29Sur le terrain, la multiplication des actions humanitaires non coordonnées affaiblit progressivement l’influence et le rôle de l’État dans la gestion des politiques alimentaires. Nous en voulons pour preuve la crise alimentaire de 2005. Si la mauvaise gestion de cette crise et ses effets dévastateurs en termes de malnutrition et de mortalité infantile sont en partie l’expression de la tension entre le gouvernement et ses donateurs liée à une différence de lecture de l’ampleur de la crise21, elle est aussi relative à l’affaiblissement du rôle de l’État dans la prise en charge des crises. Cette situation traduit de manière évidente une certaine volonté des acteurs en jeu de contrôler, voire d’instrumentaliser la lutte contre l’insécurité alimentaire.

  • 22 Cette présentation caricaturale tranche par contre avec les perceptions locales pour lesquelles, la (...)

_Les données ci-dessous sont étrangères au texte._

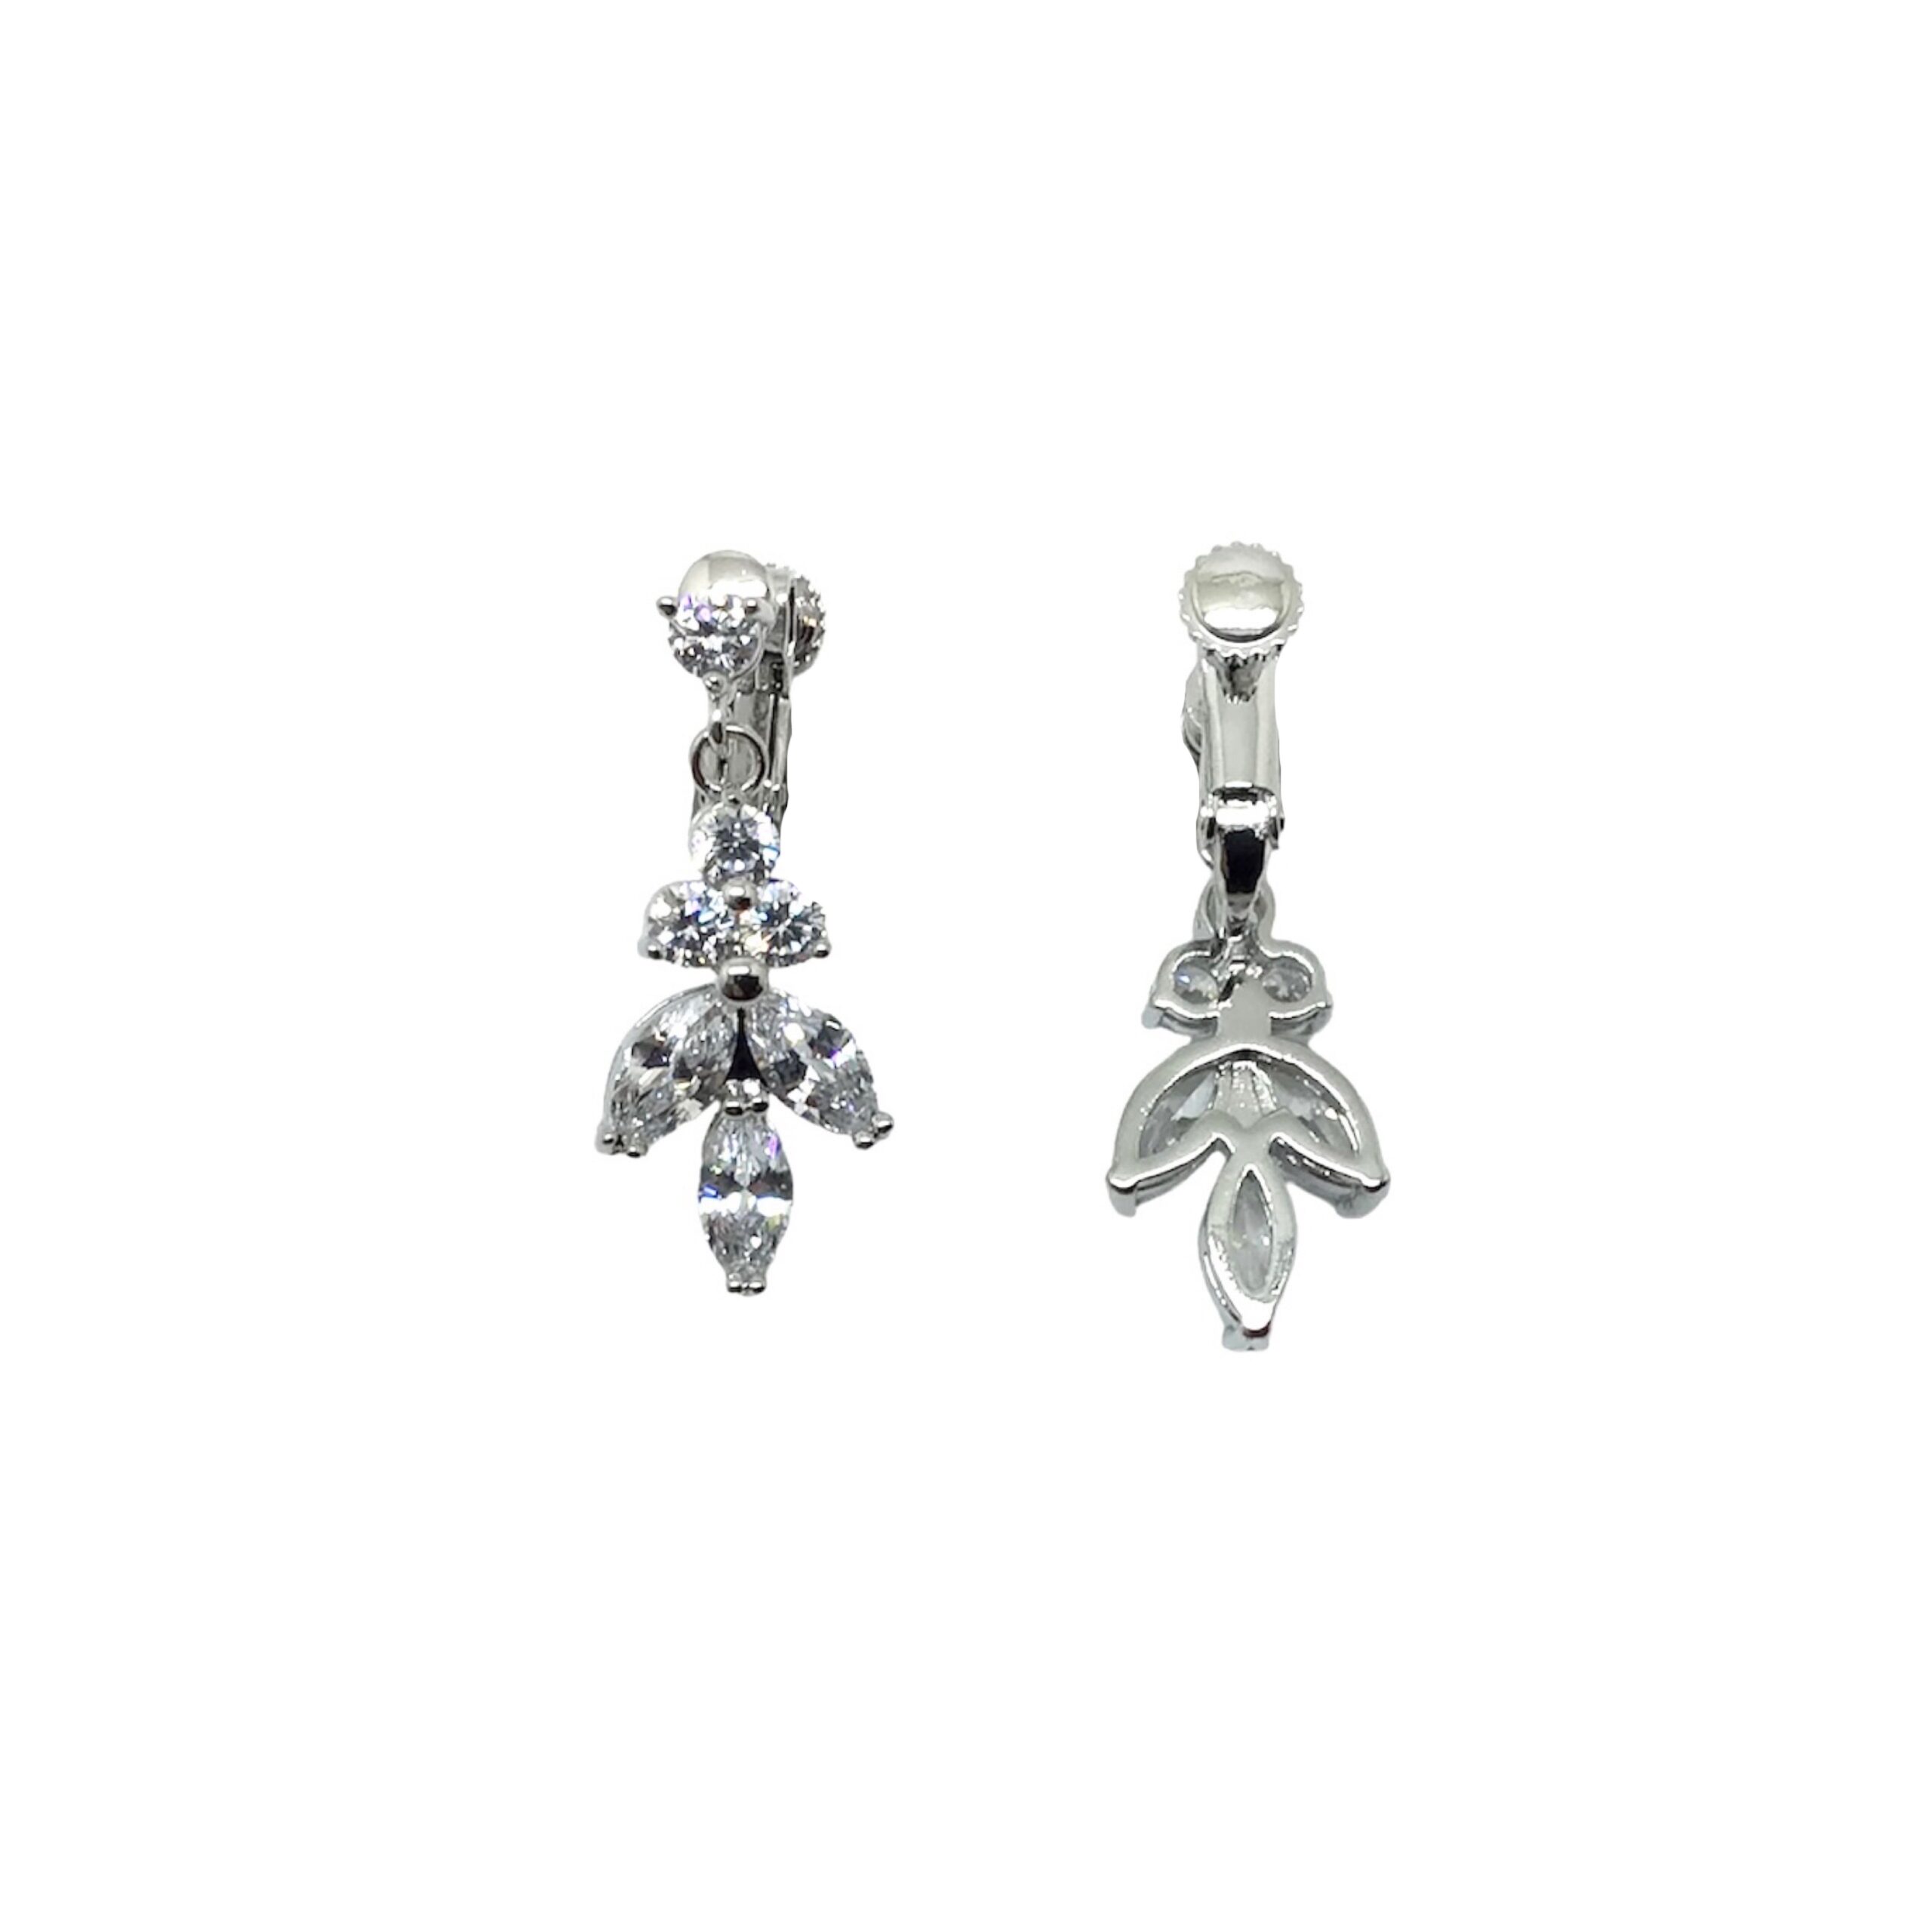 Silver Clip On Earrings|Carlotta |Jeanette Maree|Shop Online

30Peu à peu, le gouvernement nigérien perd son autonomie dans la gestion de sa politique alimentaire. À la différence du Mali où il est tentant d’imputer la bonne gestion de la crise alimentaire de 2005 à la centralisation et l’interventionnisme étatique dans le domaine céréalier (Crouzel, 2008), on a assisté au Niger à une opposition idéologique frontale entre les perceptions gouvernementales et celles d’ONG et associations (Médecins sans frontières-MSF, Programme alimentaire mondial-PAM, Care international, etc.) dans la gestion de cette crise. Cette opposition tournera à l’avantage de ces dernières grâce à une mobilisation médiatique spectaculaire montrant des images poignantes d’enfants mourant de faim22 (Olivier de Sardan, 2008). En effet, en vertu du droit d’ingérence humanitaire, les interventions urgentistes des ONG et associations vont jusqu’à supplanter le Dispositif national de gestion des crises, bafouant « parfois fâcheusement » la souveraineté du pays et ce dans l’ignorance totale des politiques publiques.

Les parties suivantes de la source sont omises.